Volume 90, Issue 4, April 2008, Pages 609-614
Biochimie

Research paper
Automatic identification of large collections of protein-coding or rRNA sequences

https://doi.org/10.1016/j.biochi.2007.08.006Get rights and content

Abstract

The number of available genomic sequences is growing very fast, due to the development of massive sequencing techniques. Sequence identification is needed and contributes to the assessment of gene and species evolutionary relationships. Automated bioinformatics tools are thus necessary to carry out these identification operations in an accurate and fast way. We developed HoSeqI (Homologous Sequence Identification), a software environment allowing this kind of automated sequence identification using homologous gene family databases. HoSeqI is accessible through a Web interface (http://pbil.univ-lyon1.fr/software/HoSeqI/) allowing to identify one or several sequences and to visualize resulting alignments and phylogenetic trees. We also implemented another application, MultiHoSeqI, to quickly add a large set of sequences to a family database in order to identify them, to update the database, or to help automatic genome annotation. Lately, we developed an application, ChiSeqI (Chimeric Sequence Identification), to automate the processes of identification of bacterial 16S ribosomal RNA sequences and of detection of chimeric sequences.

Introduction

Identification is used in many fields, such as microbiology, medicine and environment. Sequence identification consists in the attribution of an unknown taxonomic unit to a taxonomic group of a pre-established classification. Thus, to identify a new taxon or a new sequence, it is necessary to find its nearest known taxon. In the medical field, methods of identification are used to detect and recognize micro-organisms implied in pathologies, which thus helps choosing the most suitable treatment. Identification can also be used in the agro-alimentary field as tools for food traceability. In other contexts such as identification of species or taxons from environmental organism molecular markers, the confrontation of a new sequence with a database, or sequence database update, the assignment of a new sequence to a collection is necessary. The number of available biological sequences increasing considerably with the development of massive sequencing techniques, it is necessary to rapidly classify these sequences into existing databases.
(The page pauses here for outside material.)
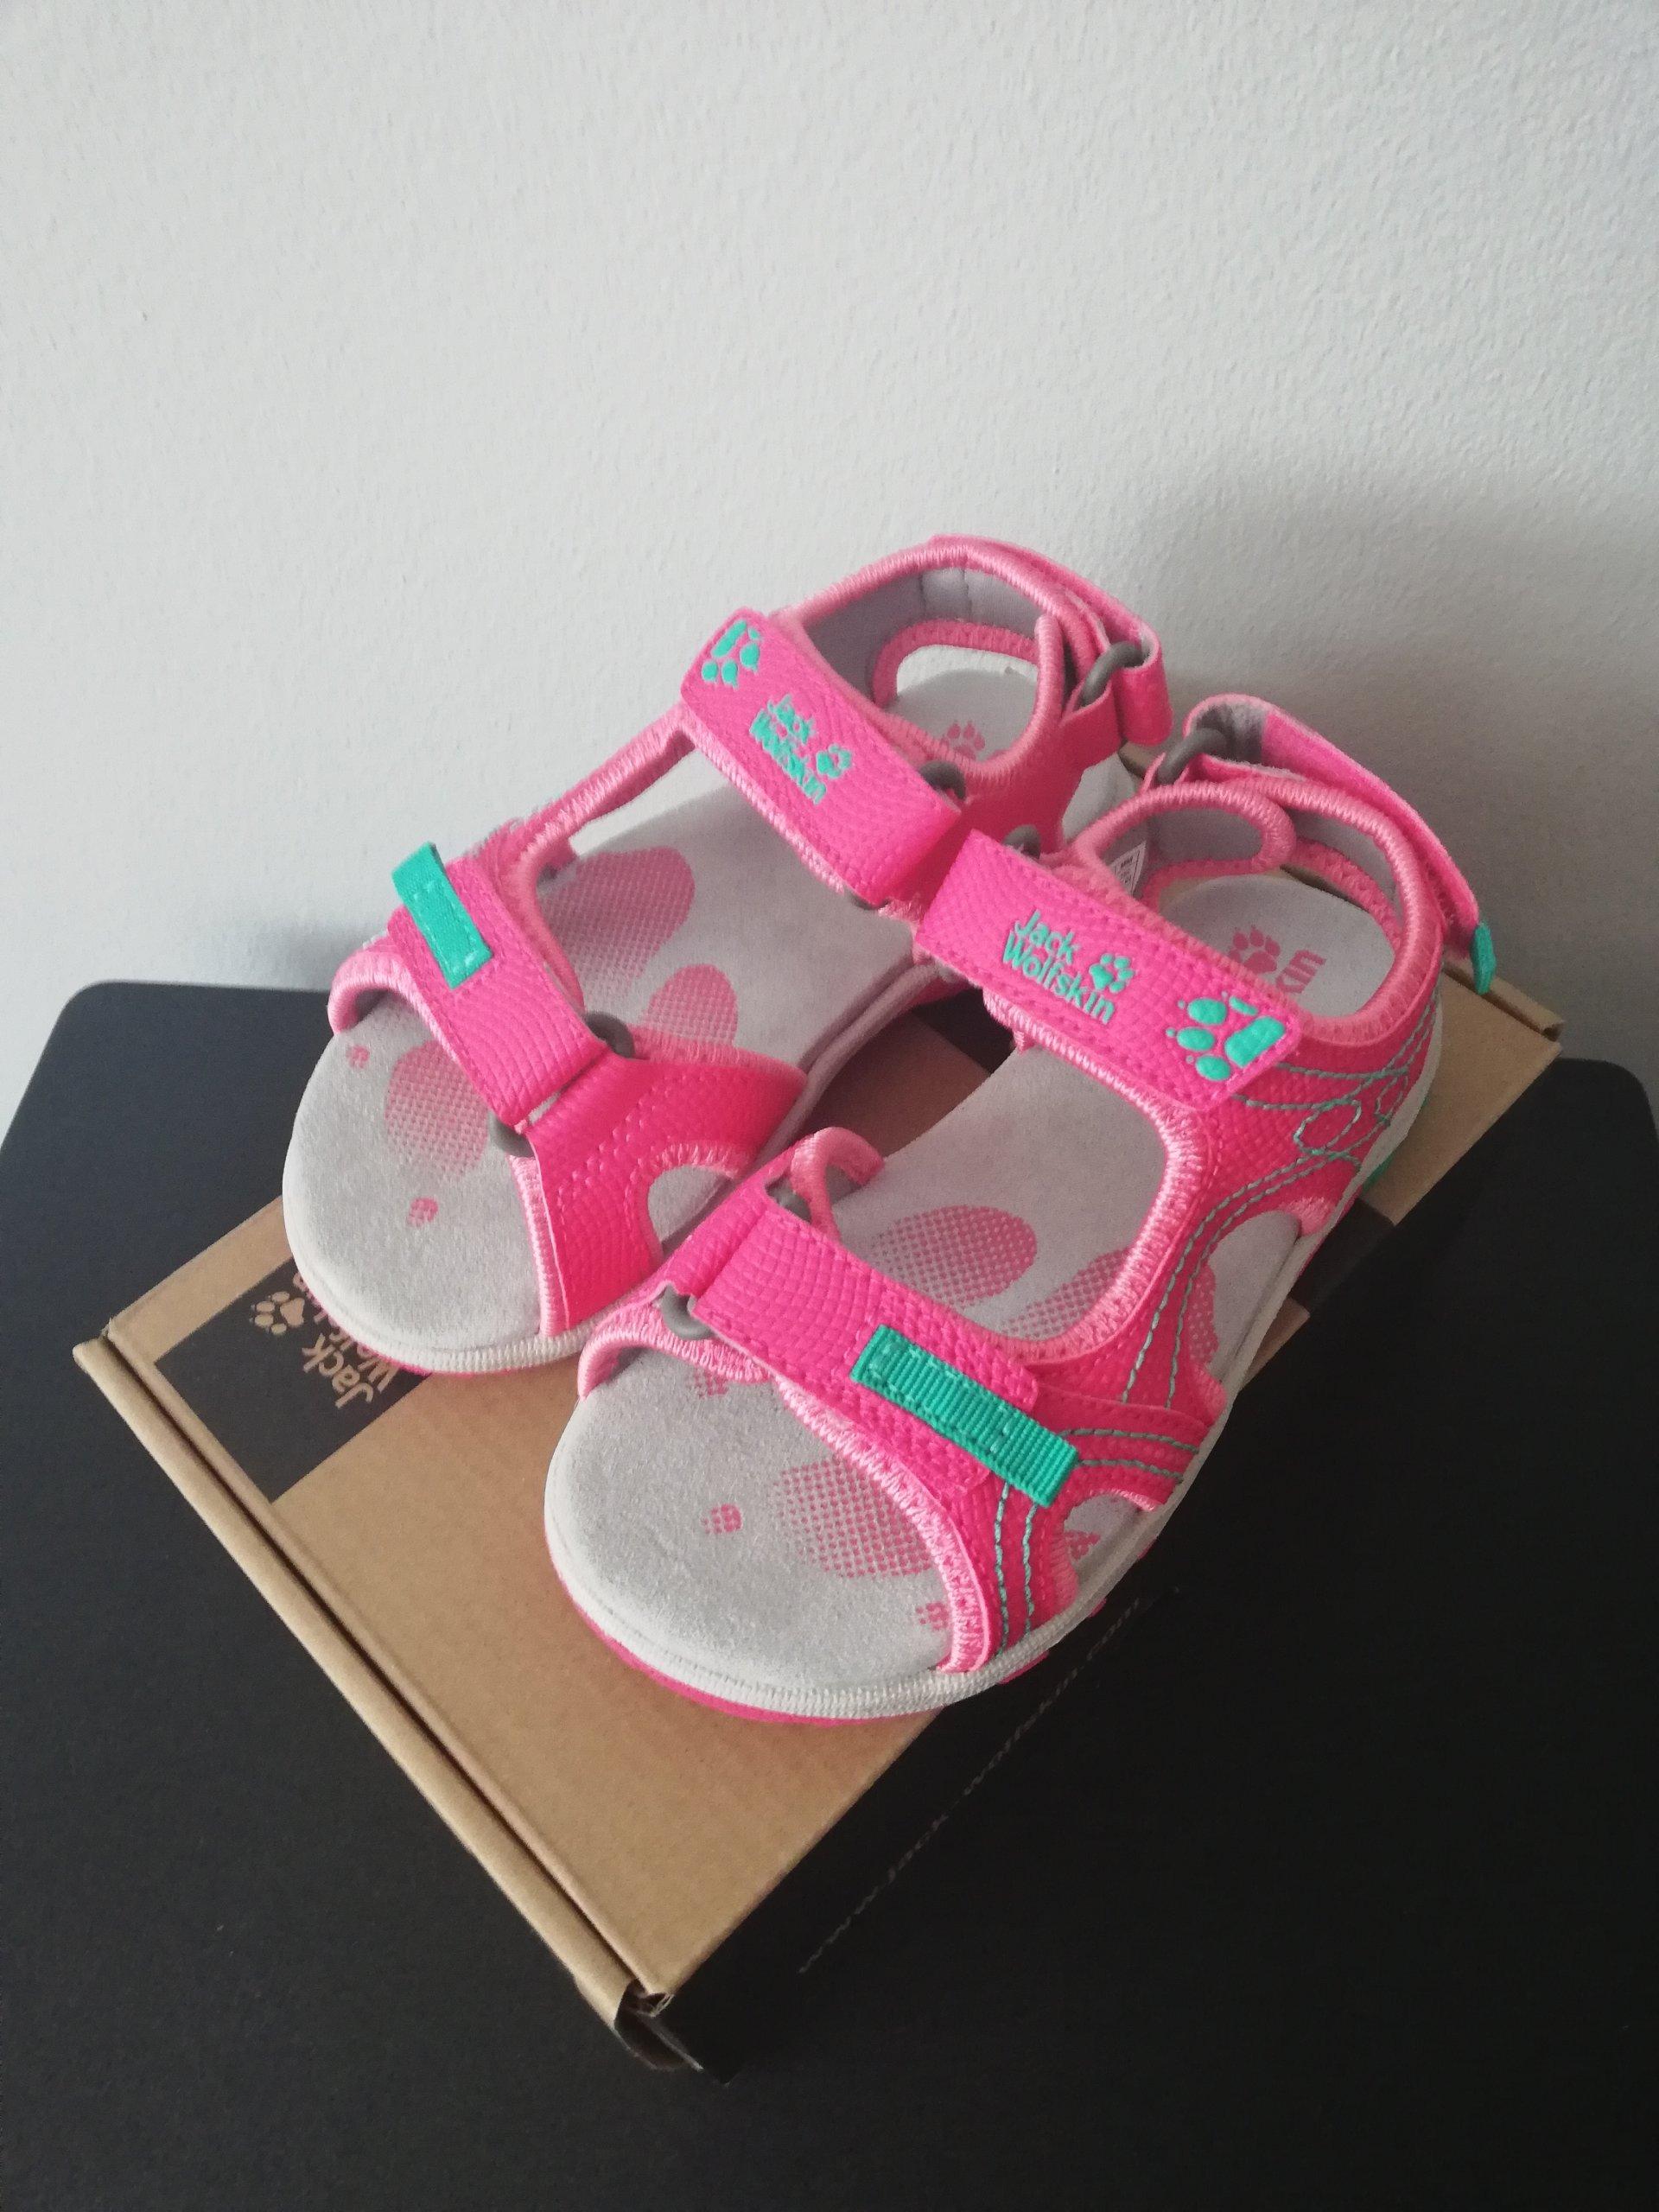 buty do biegania najlepsze oferty na buty do biegania Sandały JACK WOLFSKIN ACORA rozmiar 27

According to analyzed data, the approach used for identification differs and several tools exist. Identification tools often vary with the type of sequences and thus with the sequence databases for which they were developed. Several tools exist to make sequence identification and most of them are domain specific or data specific. For instance, some applications allow bacterial identification as BIBI (Bioinformatic Bacterial Identification) [1], PhyID/CD [2] or MicroSeq (Microbial identification System); others are specialized for the medical domain as RIDOM (Ribosomal Differentiation Of Medical Organisms) [3] or for the identification of Ribosomal RNA sequences as the RDP classifier (Ribosomal Database Project) [4], or TaxI [5] based on DNA barcodes.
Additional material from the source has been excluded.